Correct, and Dave was of the opinion that once at least XFS has reverse
mapping support (which it does now), adding badblocks information to
that should not be a hard lift, and should be a better solution. I
suppose should try to benchmark how much of a penalty the current badblock
checking in the NVVDIMM driver imposes. The penalty is not because there
may be a large number of badblocks, but just due to the fact that we
have to do this check for every IO, in fact, every 'bvec' in a bio.

> 
> 3) PMEM filesystem - there things are even more difficult as was already
> noted elsewhere in the thread. But for now I'd like to leave those aside
> not to complicate things too much.

Agreed that that merits consideration and a whole discussion  by itself,
based on the points Audiry raised.

> 
> Now my question: Why do we bother with badblocks at all? In cases 1) and 2)
> if the platform can recover from MCE, we can just always access persistent
> memory using memcpy_mcsafe(), if that fails, return -EIO. Actually that
> seems to already happen so we just need to make sure all places handle
> returned errors properly (e.g. fs/dax.c does not seem to) and we are done.
> No need for bad blocks list at all, no slow down unless we hit a bad cell
> and in that case who cares about performance when the data is gone...

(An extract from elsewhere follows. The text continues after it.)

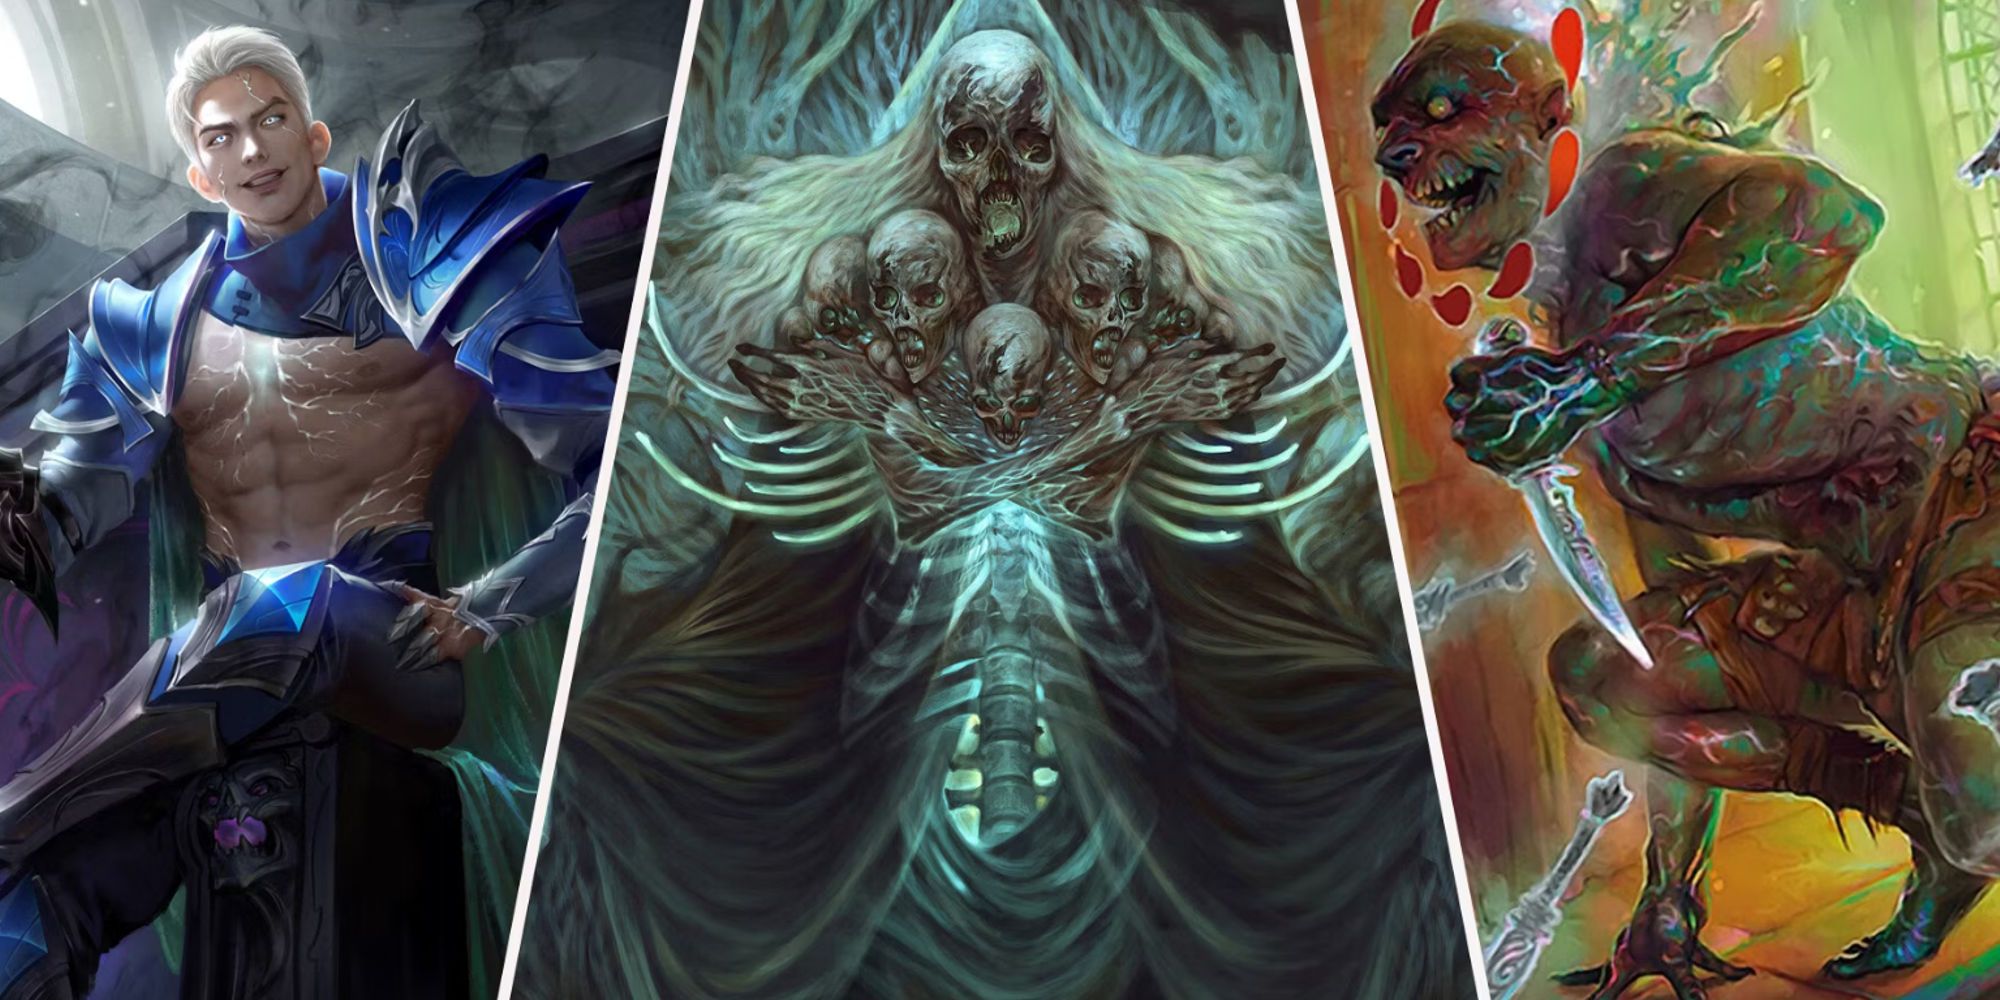 The 3 Gods of Death from Baldur's Gate; Bane, Myrkul, And Bhaal

Even when we have MCE recovery, we cannot do away with the badblocks
list:
1. My understanding is that the hardware's ability to do MCE recovery is
limited/best-effort, and is not guaranteed. There can be circumstances
that cause a "Processor Context Corrupt" state, which is unrecoverable.
2. We still need to maintain a badblocks list so that we know what
blocks need to be cleared (via the ACPI method) on writes.

> 
> For platforms that cannot recover from MCE - just buy better hardware ;).
> Seriously, I have doubts people can seriously use a machine that will
> unavoidably randomly reboot (as there is always a risk you hit error that
> has not been uncovered by background scrub). But maybe for big cloud providers
> the cost savings may offset for the inconvenience, I don't know. But still
> for that case a bad blocks handling in NVDIMM code like we do now looks
> good enough?

The current handling is good enough for those systems, yes.

> 
> 								Honza
> -- 
> Jan Kara <jack@suse.com>
> SUSE Labs, CR